I don’t have any experience with Wink whatsoever but in terms of z-wave, have you made sure to exclude the door sensor before trying to add it to the z-stick? Probably a stupid question but thought I may as well throw it out there.

You are using hassio so this is running in a docker container, right? I don’t use docker so couldn’t say exactly where to go, but look at port mappings on the docker container. My guess it is only listening on it’s local docker ip which is mapped out to something.

Can try netstat -nlp to see what is listening on what ports.

It was brand new, this particular sensor was never was linked to Wink to begin with. The others are through Wink, so my thinking was to set this one up first on Z-stick. So nothing to exclude it from.

That said, it does link with the Z-stick fine, and Z-stick will show it in the menu, and logs will show that it communicates. I’ve tried excluding and then adding again multiple times. Still sticks in the aforementioned behavior with always “sleeping.”

Thanks, I’ll look into that.

most z-wave device manuals I have for various devices all suggest to do an ‘exclude’ before an ‘include’ even when its brand new.

Have a look at the settings for the device in the z-wave control panel within Hass as maybe you just need to change the sleep timeout / poll time

It is normal that a battery powered device is always sleeping. My neo coolcam door detectors are always sleeping but if I check the logs they always wake up at the same times every day and exchange messages with the controller (wake up interval is 12hrs). The fact they are always sleeping doesn’t affect detecting open/close in my case.

Interesting, that’s good to know! I figured the sleeping status was related to the lack of state changes, but maybe that just comes down to something wrong in the config. It’s weird.

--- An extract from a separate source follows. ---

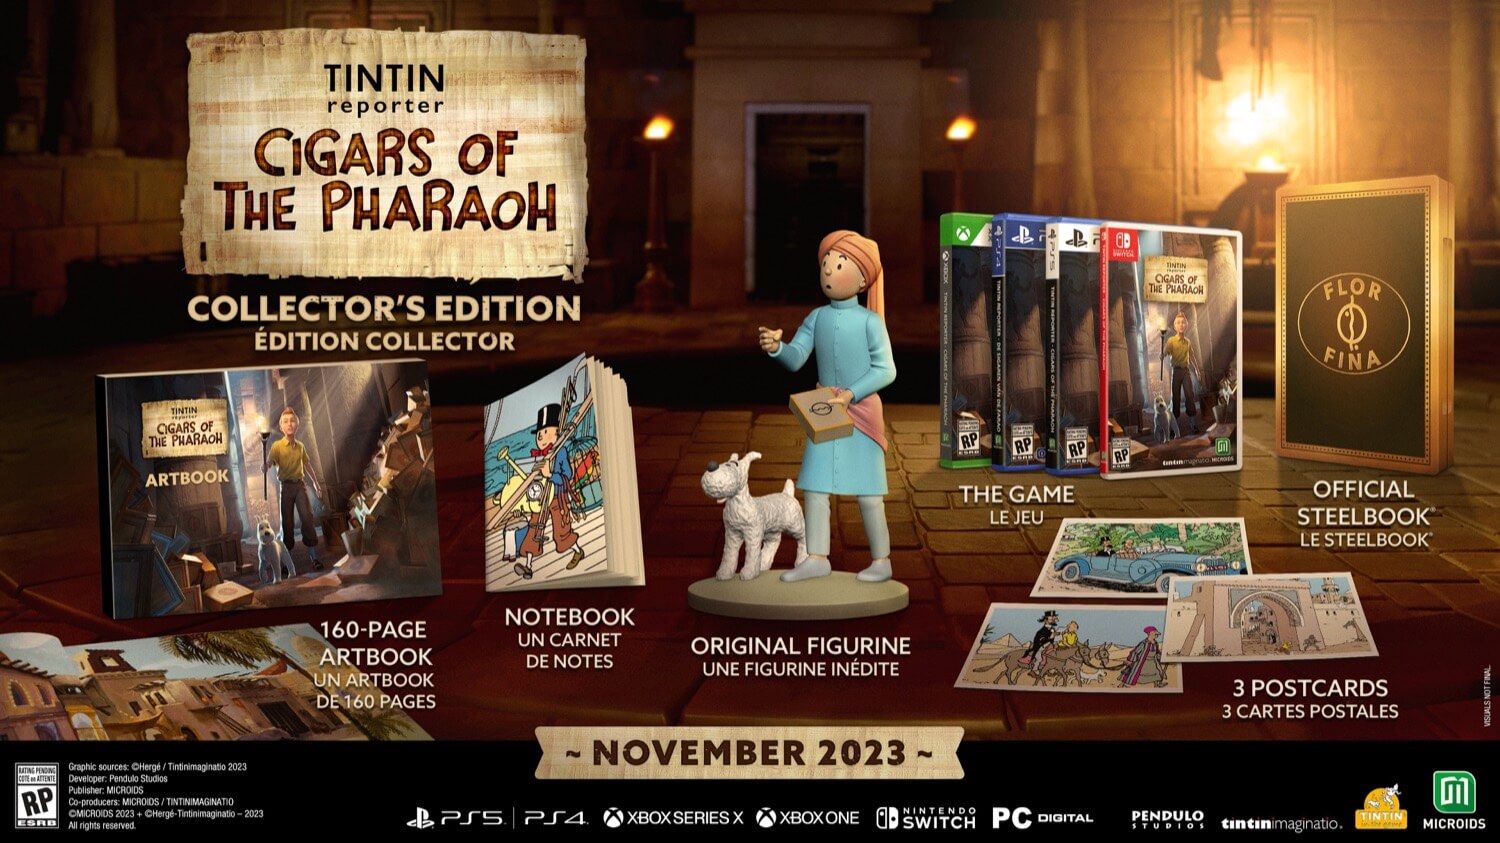 Объявлена дата релиза Tintin Reporter: Cigars of the Pharaoh на Xbox: с сайта NEWXBOXONE.RU

After excluding and re-pairing several times, many reboots, etc., I finally just said screw it and connected it through Wink. Hate to do that, I’m basically just punting on removing Wink until a later time, but too many enhancements on my backlog to take any more time trying the same things over and over again.

@Steven6702 - Were you able to figure out how to run local files through the google tts component? And did you come across any tricks that helped with reducing the slight delay between a sensor being tripped, and the google tts playing a saved MP3 file? I have 60 or 70 MP3s that HA broadcasts out throughout my house upon various events, and while the delay is typically less than 3 seconds, 3 seconds is 3 seconds too long for the the door, motion, etc. based broadcasts.